Title
Statistical Analysis of Functions, Curves and Surfaces
Speaker
Sebastian Kurtek, Florida State University
Abstract
In this talk we will consider the problems of functional data analysis and shape analysis of parameterized curves and surfaces. The main underlying issue in these problems is the variability in data due to random parameterizations. Our approach is to form the action of parameterization groups on function spaces of interest and to remove parameterization variability using algebraic quotient operations. This requires metrics and representations that lead to desired invariances. In the case of real-valued functions, we use the Fisher-Rao Riemannian metric and the square-root velocity function (SRVF) representation to perform function registration, and to separate phase and amplitude variability in the given data. For shape analysis of 2D and 3D curves, we have developed an elastic Riemannian metric and a mathematical representation that facilitates elastic shape analysis of curves.
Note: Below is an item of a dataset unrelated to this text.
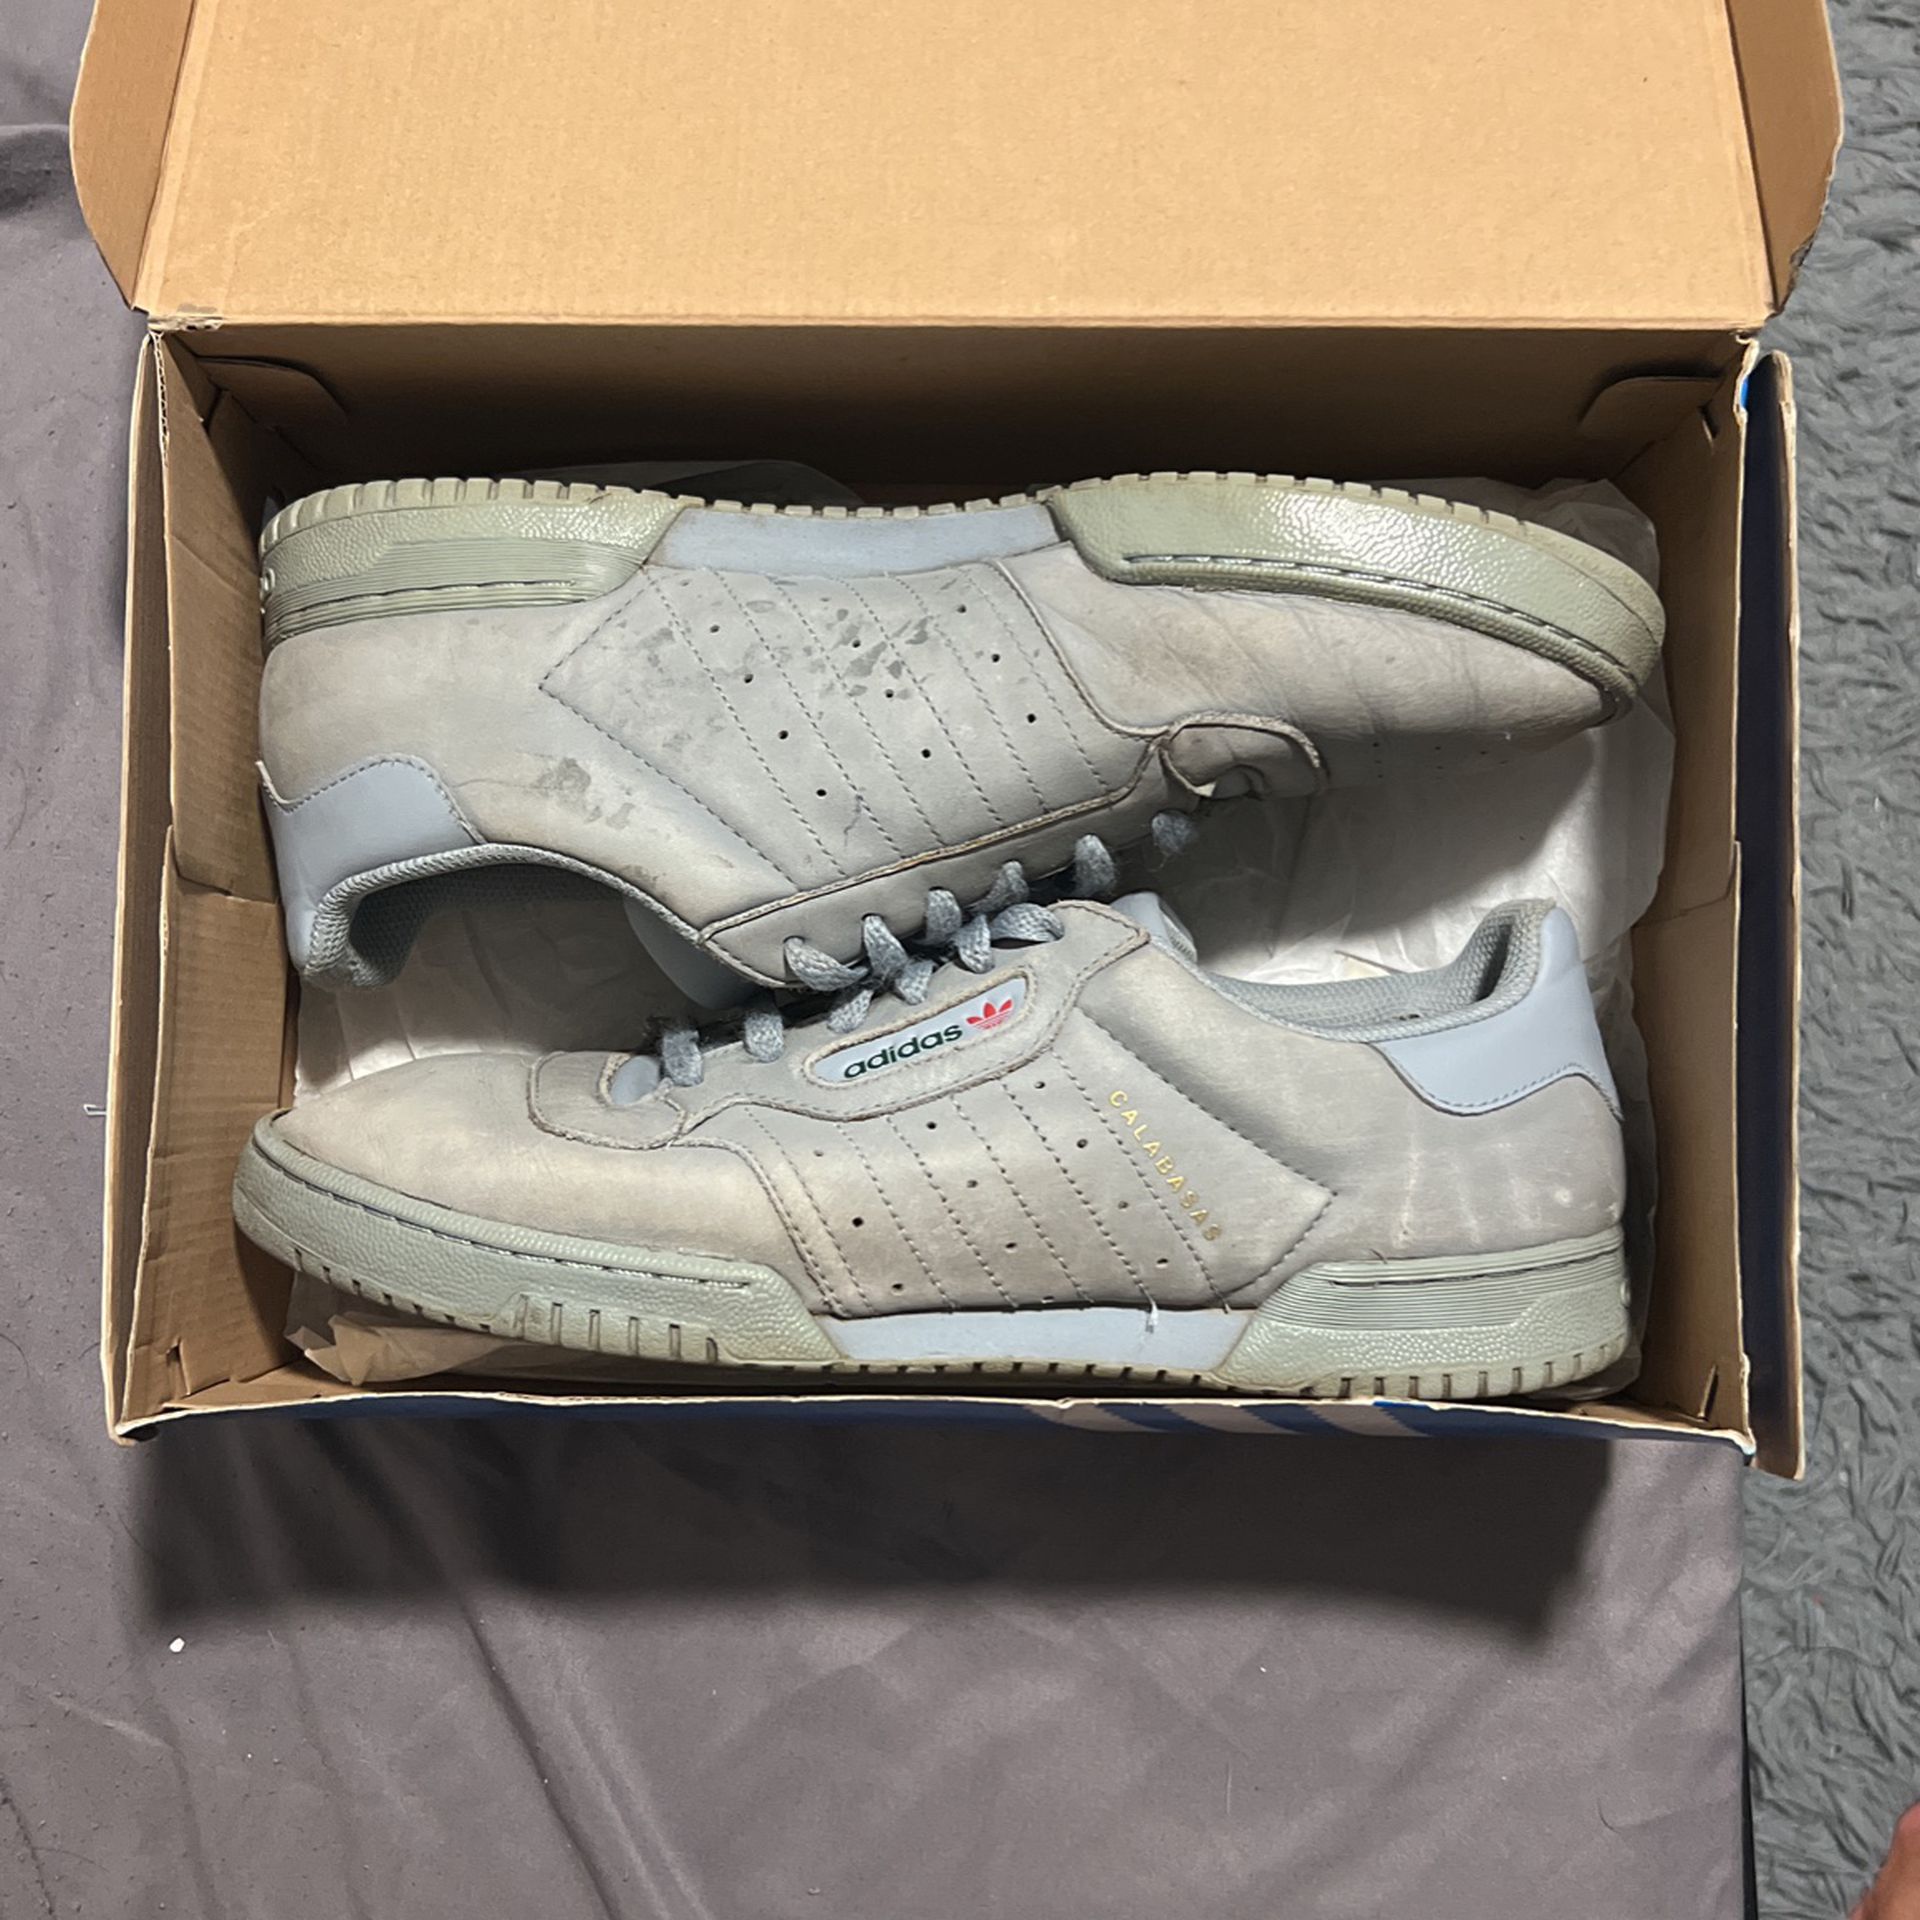 Hectare Terminal Groene achtergrond Adidas Yeezy Powerphase Size 12 for Sale in Temecula, CA - OfferUp

For shape analysis of 3D objects using their parameterized surfaces, we introduced a novel mathematical representation that allows their simultaneous registration and comparisons. In all of these applications, an important tool is the computation of geodesic paths on appropriate non-linear manifolds between given objects. The resulting geodesics are used to compute sample statistics and probability models on shape and function manifolds. I will demonstrate these ideas using multiple applications including medical image analysis, analysis of protein backbones, handwriting analysis and others.